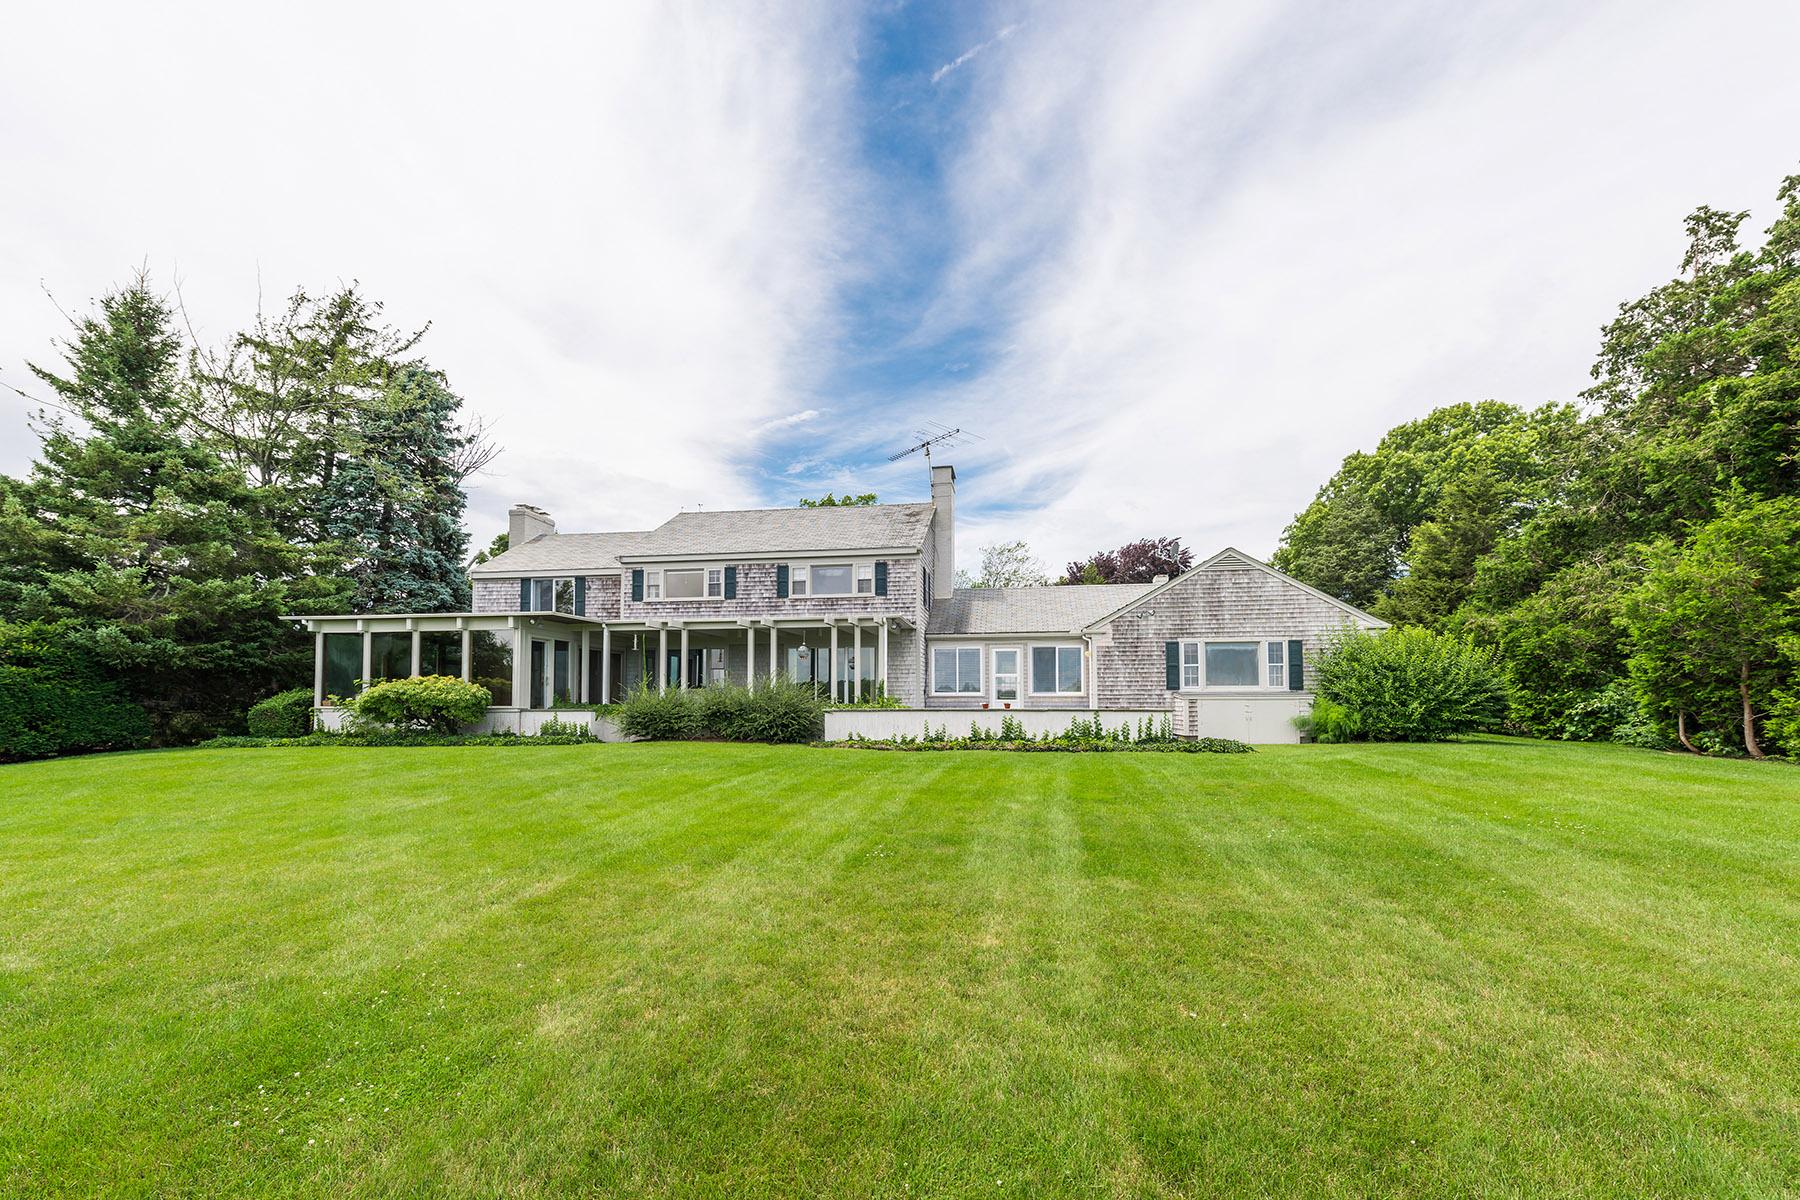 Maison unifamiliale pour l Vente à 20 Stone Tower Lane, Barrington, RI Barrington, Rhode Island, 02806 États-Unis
▬▬▬
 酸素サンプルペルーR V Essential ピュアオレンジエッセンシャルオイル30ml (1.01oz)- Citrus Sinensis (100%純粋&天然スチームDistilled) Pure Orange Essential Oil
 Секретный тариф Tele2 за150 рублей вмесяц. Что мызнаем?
▬▬▬
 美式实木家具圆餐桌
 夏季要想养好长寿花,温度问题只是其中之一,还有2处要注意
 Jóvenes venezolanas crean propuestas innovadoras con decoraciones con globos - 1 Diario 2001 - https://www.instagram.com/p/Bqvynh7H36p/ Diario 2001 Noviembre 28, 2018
▬▬▬
-- Assignment --
I'd like the lines above from the one with "夏季要想养好长寿花,温度问题只是其中之一,还有2处要注意" up to and including the one with "Jóvenes venezolanas crean" copied exactly, with no other lines.

-- The answer --
 夏季要想养好长寿花,温度问题只是其中之一,还有2处要注意
 Jóvenes venezolanas crean propuestas innovadoras con decoraciones con globos - 1 Diario 2001 - https://www.instagram.com/p/Bqvynh7H36p/ Diario 2001 Noviembre 28, 2018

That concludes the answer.